Had there not been a cached plan, normally, the optimizer would have chosen a hash join algorithm. However, since there was a cached plan, SQL Server simply reused it, resulting in a large I/O hit. I got the following I/O and CPU stats for this execution: logical reads: 60613, cpu: 250 ms.

You can verify that plan reuse occurred by using the following query:

SELECT CP.usecounts, CP.plan_handle, ST.text
FROM sys.dm_exec_cached_plans AS CP
  CROSS APPLY sys.dm_exec_sql_text(CP.plan_handle) AS ST
WHERE ST.text LIKE '%F1352E2F-866A-4A10-' + 'B660-2875D18B05D8%';

I got the following output on my machine (your plan handle will naturally be different):

usecounts   plan_handle                                         text
----------- ------------------------------------------------------------------------------------------- ------------------------------
2       0x05000600B982EE5A304AC1580002000001000000000000000000000000000000000000000000000000000000  CREATE   PROC dbo.GetOrders...

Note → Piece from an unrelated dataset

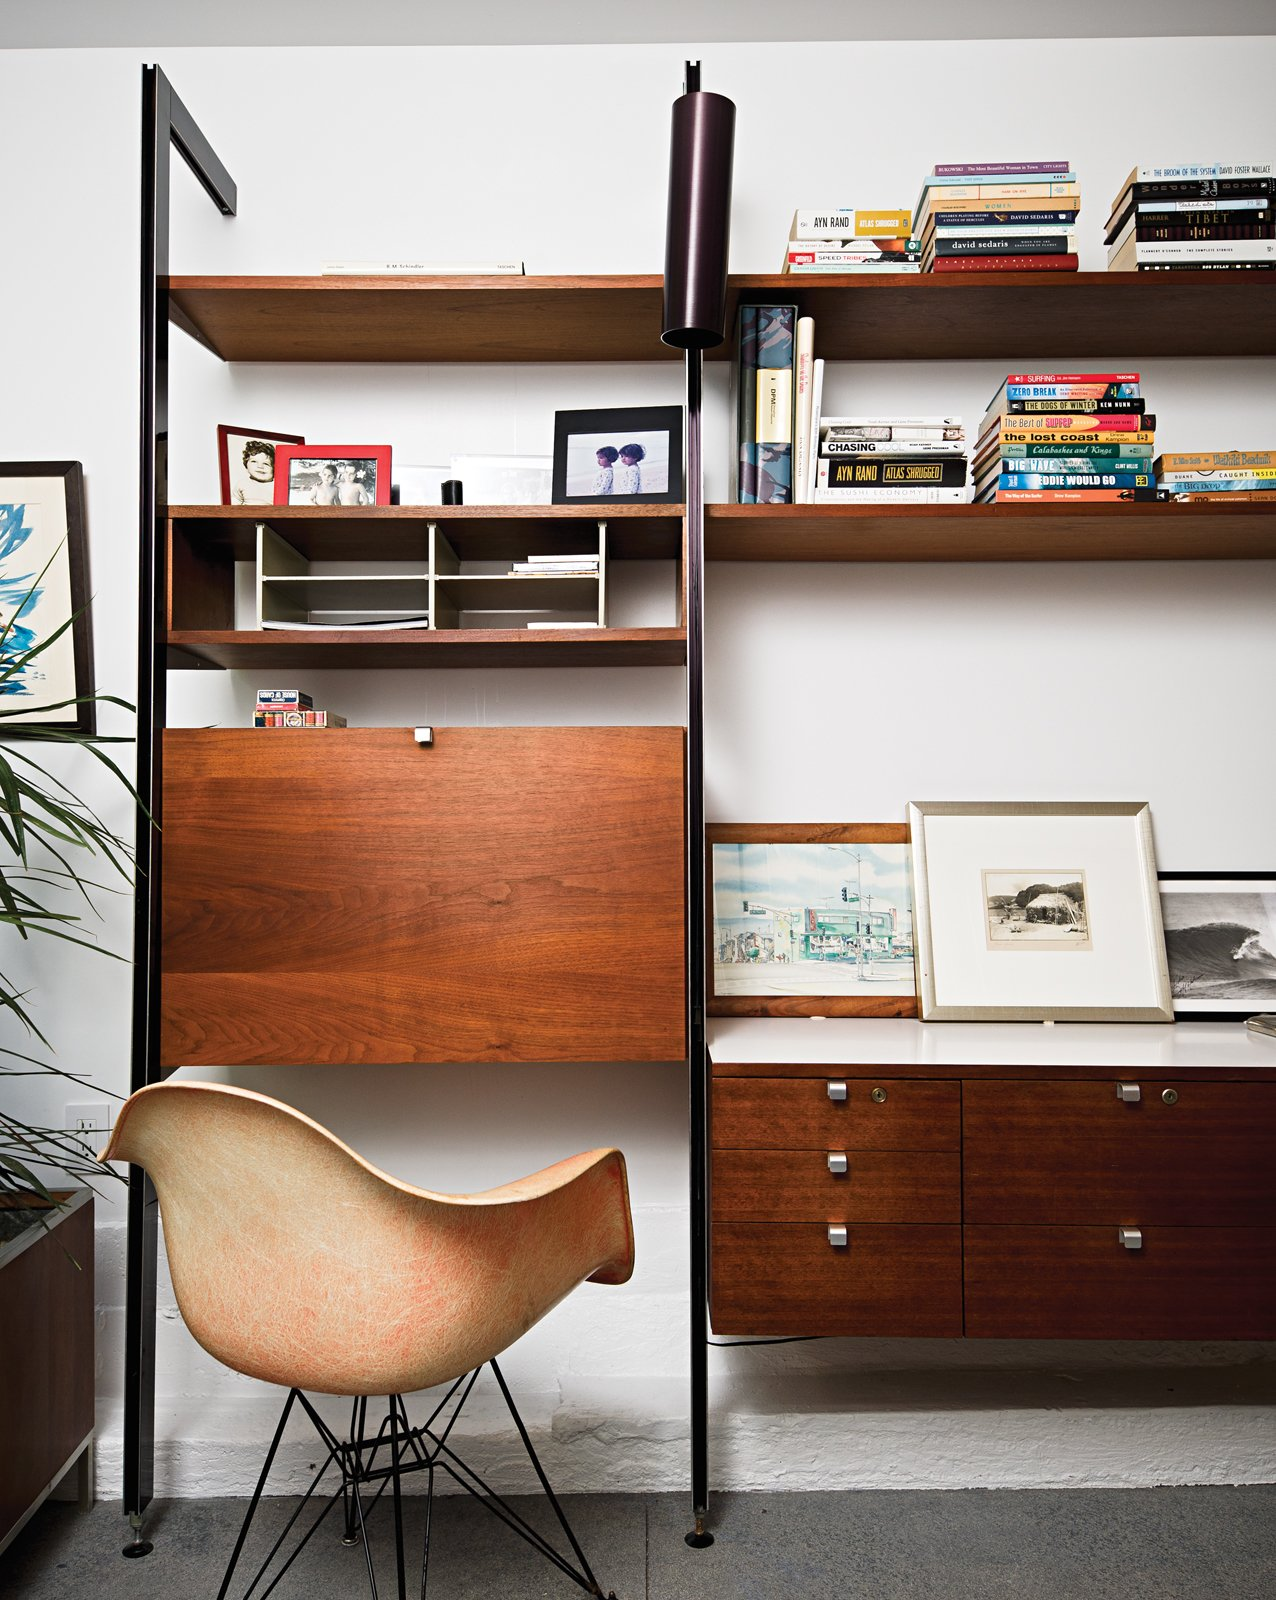 #seatingdesign #chair #Eames #shellchair #Gardena #California #MichaelLeeArchitects #midcenturymodern #desk #office #workplace #interior #inside  100+ Best Modern Seating Designs by Dwell
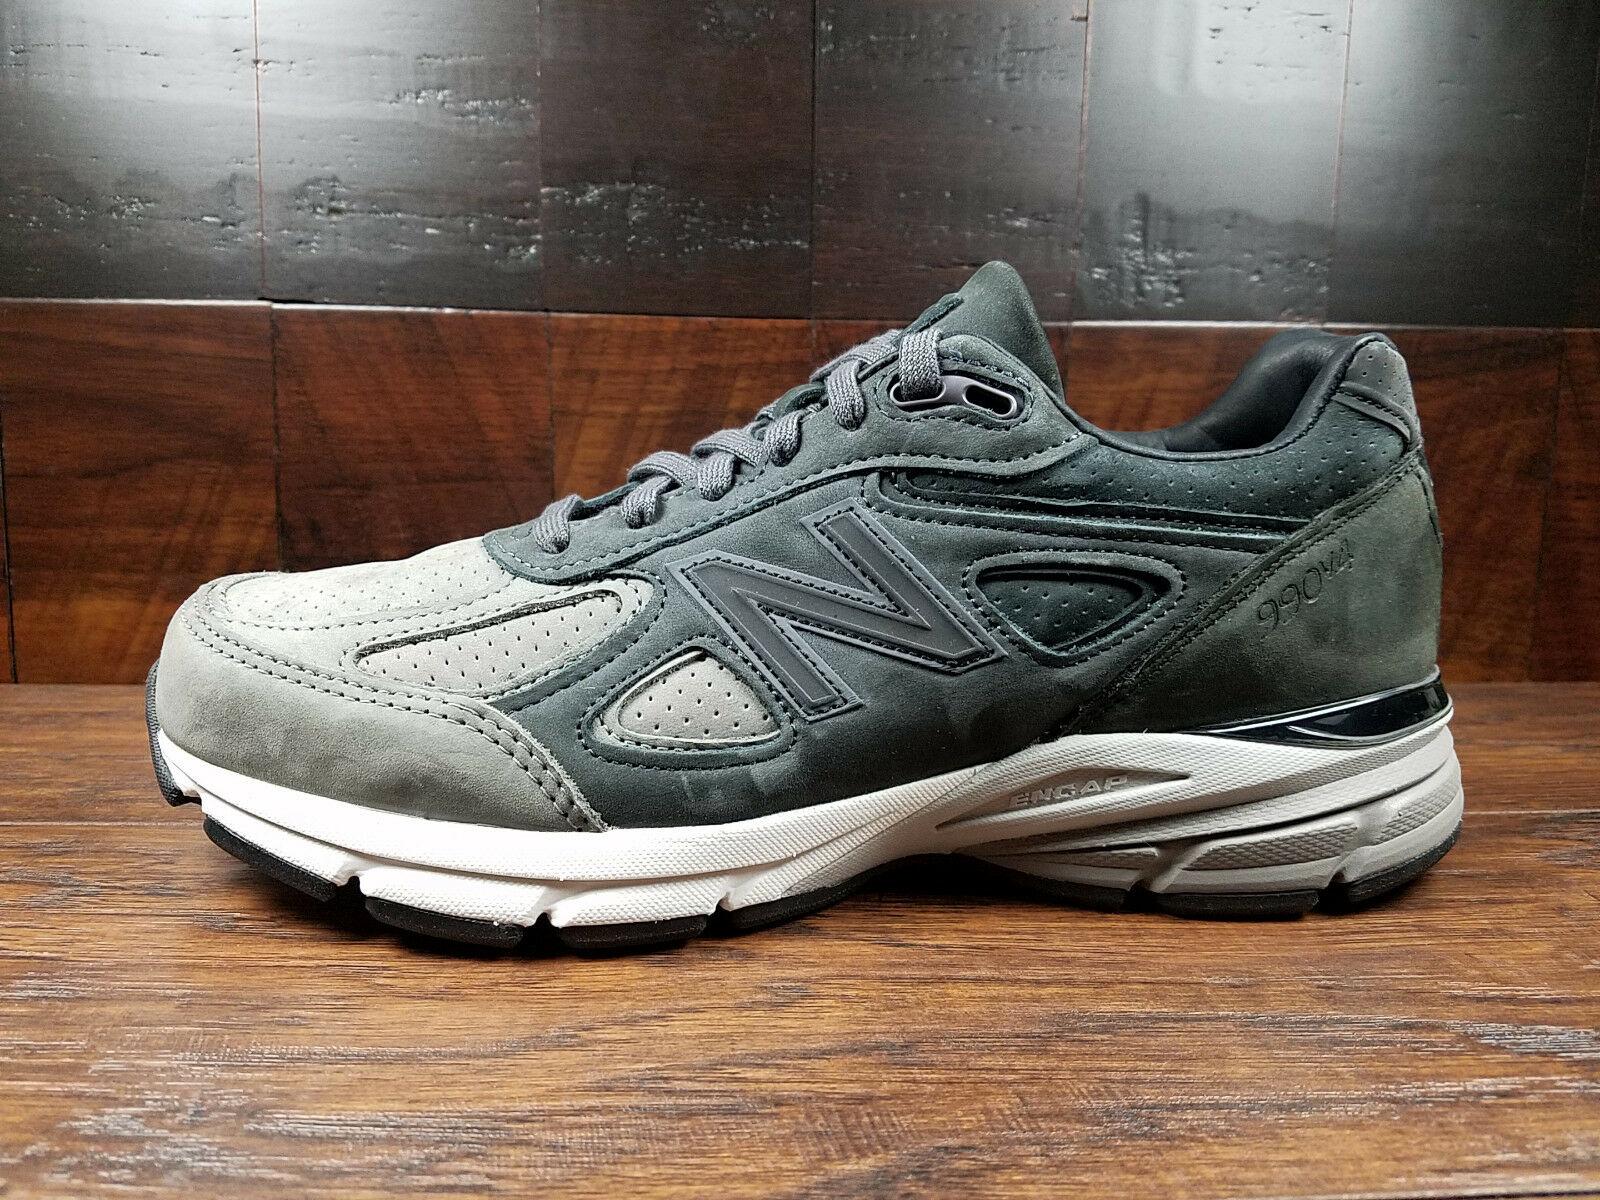 New Balance M990FEG4 Premium Nubuck -FINAL EDITION- 990v4 (Grey   Black) USA

Notice the reported use counts is 2 indicating the plan was reused.

Of course, you could have faced the opposite situation if the first execution was with a nonselective input and a subsequent execution with a selective one. To demonstrate this, first run the following code to free the cached plan (replace the handle in my code with the one you got):

DBCC FREEPROCCACHE ( 0x05000600B982EE5A304AC1580002000001000000000000000000000000000000000000000000000000000000 );

Verify there’s no plan for our query in cache:

SELECT CP.usecounts, CP.plan_handle, ST.text
FROM sys.dm_exec_cached_plans AS CP
  CROSS APPLY sys.dm_exec_sql_text(CP.plan_handle) AS ST
WHERE ST.text LIKE '%F1352E2F-866A-4A10-' + 'B660-2875D18B05D8%';

You should get an empty output:


usecounts   plan_handle                                         text
----------- ------------------------------------------------------------------------------------------- ------------------------------

Execute the procedure for the third time, providing the nonselective customer prefix:

EXEC dbo.GetOrders
  @custprefix = N'Cust[_]',
  @fromdate = '20140101',
  @todate = '20140430';

The plan I got for execution 3 is shown in Figure 3.

Figure 3 – Plan for execution 3

This time the optimizer aptly chose a hash join algorithm. Also notice that since the cardinality estimate against Customers was for 20,000 rows (all customers), the optimizer didn’t bother using a seek against the index on Customers, rather a scan. I got the following performance statistics for execution 3: logical reads: 2163, cpu: 141 ms.

Now the plan with the hash join is cached.

Run the following code to execute the procedure for the fourth time, providing the selective customer prefix as input:

EXEC dbo.GetOrders
  @custprefix = N'Cust[_]1000',
  @fromdate = '20140101',
  @todate = '20140430';

Figure 4 shows the plan that I got for execution 4.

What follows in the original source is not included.